Our Depressions beginning in 1819, were the result of speculation and farm depressions. The greed of banks has been the reason behind most of our historic problems. Just recently, 5 major banks were fined 6 billion with a b, for rigging money exchange rates for 6 years.  Other countries may have had inflation as a cause for their problems but that has not been the reason for any of the Depressions the United States has experienced.

The following are the 3 reasons for the 1929 Depression:

1. financial institutions vested interest in maintaining euphoria. During the 1920’s and during other periods of stock market euphoria stock brokers and financial institutions just love encouraging potential investors into investing when a market has been going up and up and up some more. They’ll tell you don’t miss out. Greenspan used to call it irrational exuberance. If earnings and market fundamentals justify a continuing market surge that is one thing, but valuations and earnings matter. If brokers sell more stocks they make more money and so do the institutions. Beware of a lack of fear in the market you may be in a euphoric period.

2. Pure speculation: An example of that would be the selling of swamp land in Florida, claiming that you will have a beach front property. Californians were told in the 2008 period that land values never go down in California. Speculation is when there is no sound reason for a real value. This is usually property and land related but it can be penny stocks or companies whose price only the sky can limit.

3. Tax deductions for the wealthy: Mellon in the 1920’s lowered revenue by lowering the tax rates of the wealthy. It is a fantasy to believe that the most of the money gained through tax deductions will go into new equipment and that it will lead to more employment. Yes, a little of that will occur, but mostly it goes into the pockets of the wealthy or into their own investment portfolios.

During President Reagan’s time in office he experienced lower revenue in attempting to prove Arthur Laffer and the Laffer curve correct or in other words the trickle down theory. In order to pay for what Ronald Reagan needed to do in spending more money on defense he wound up raising taxes to pay for things.

There is always the next Ponzi scheme, the next trick or slight of hand, money manipulation is one. Betting on money by using derivatives is another. One way that the 5 banks could be sure to make money on derivatives regarding the value of a currency was to stack the deck and know what the value would be. Bankers should face jail time for ruining peoples lives.

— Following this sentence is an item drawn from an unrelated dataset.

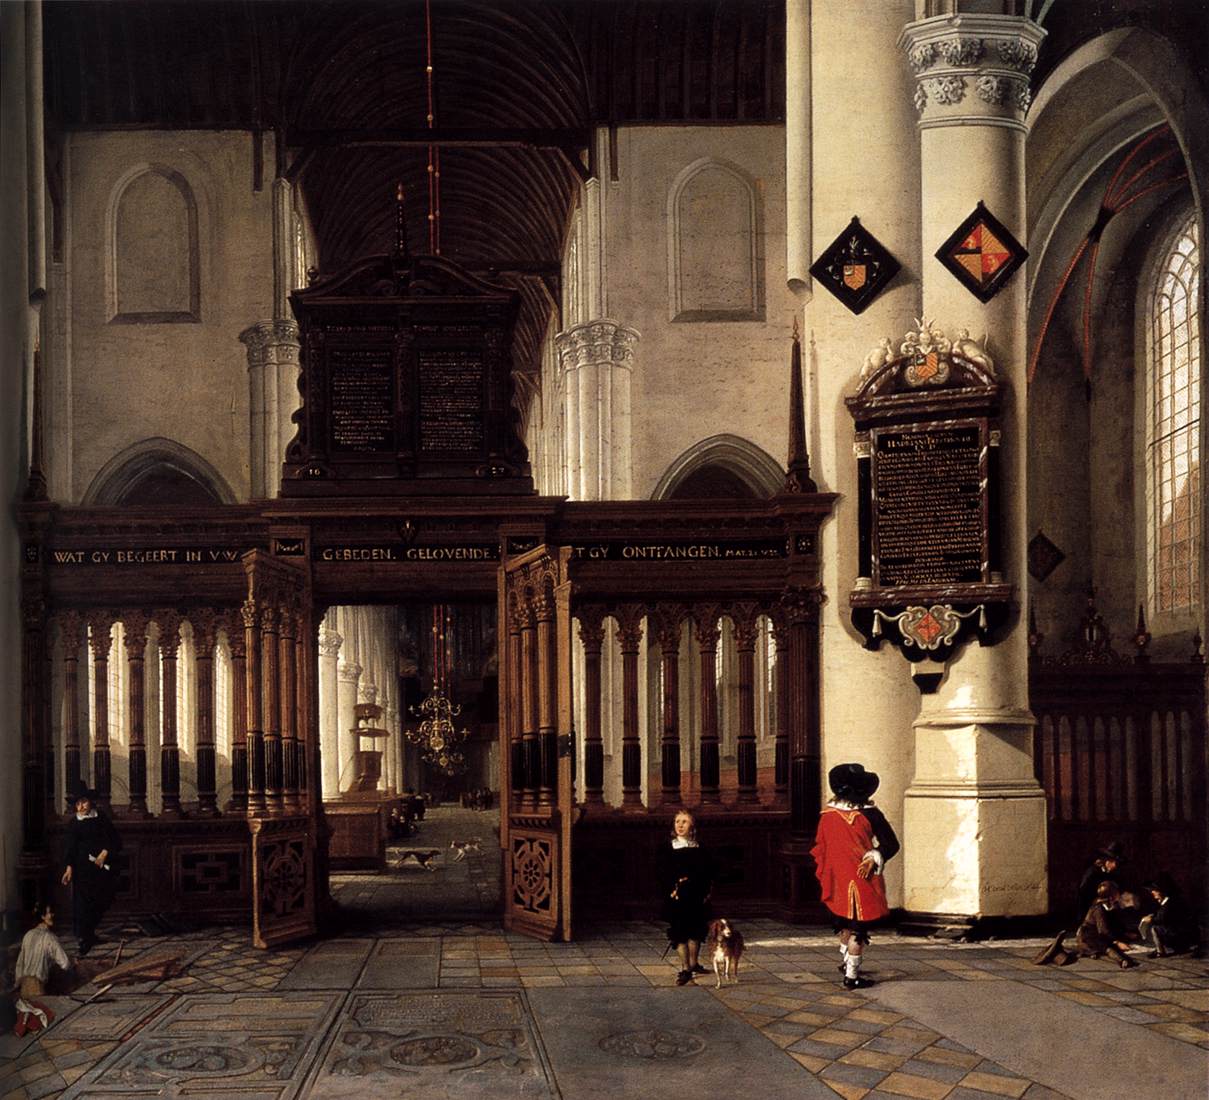 Inside Nieuwe Kerk, Delft, с памятным столом Адриана Тединга Ван Беркхаута

Economists used to claim that a Great Depression could not happen again; primarily because we have safeguards in place. The negative is we have to have people we can trust in those positions of authority who review and investigate questionable practices. Our laws are only as good as the people we hire to do their job, and protect the consumers from the next illegal practice or bogus investment.

Franklin Roosevelt saved Capitalism from itself, by regulating greed. If we elect a person too close to Wall Street watch out! We might just get a President who hands the keys to your retirement to another fraudulent scheme.

The greatest fear regarding having another deflationary Depression is when we do not have enough people, or consumers making enough money to pay for the goods that are made. You can only have a race to the bottom go so far before you reach a point of no return. If anything the Great Depression proved that deflation is the most difficult ramification to fix. Only World War II helped the world get out of the Great Depression. Don’t count of having another one to bail us out. We need banking reform to help regulate Wall Street from bankrupting Main Street.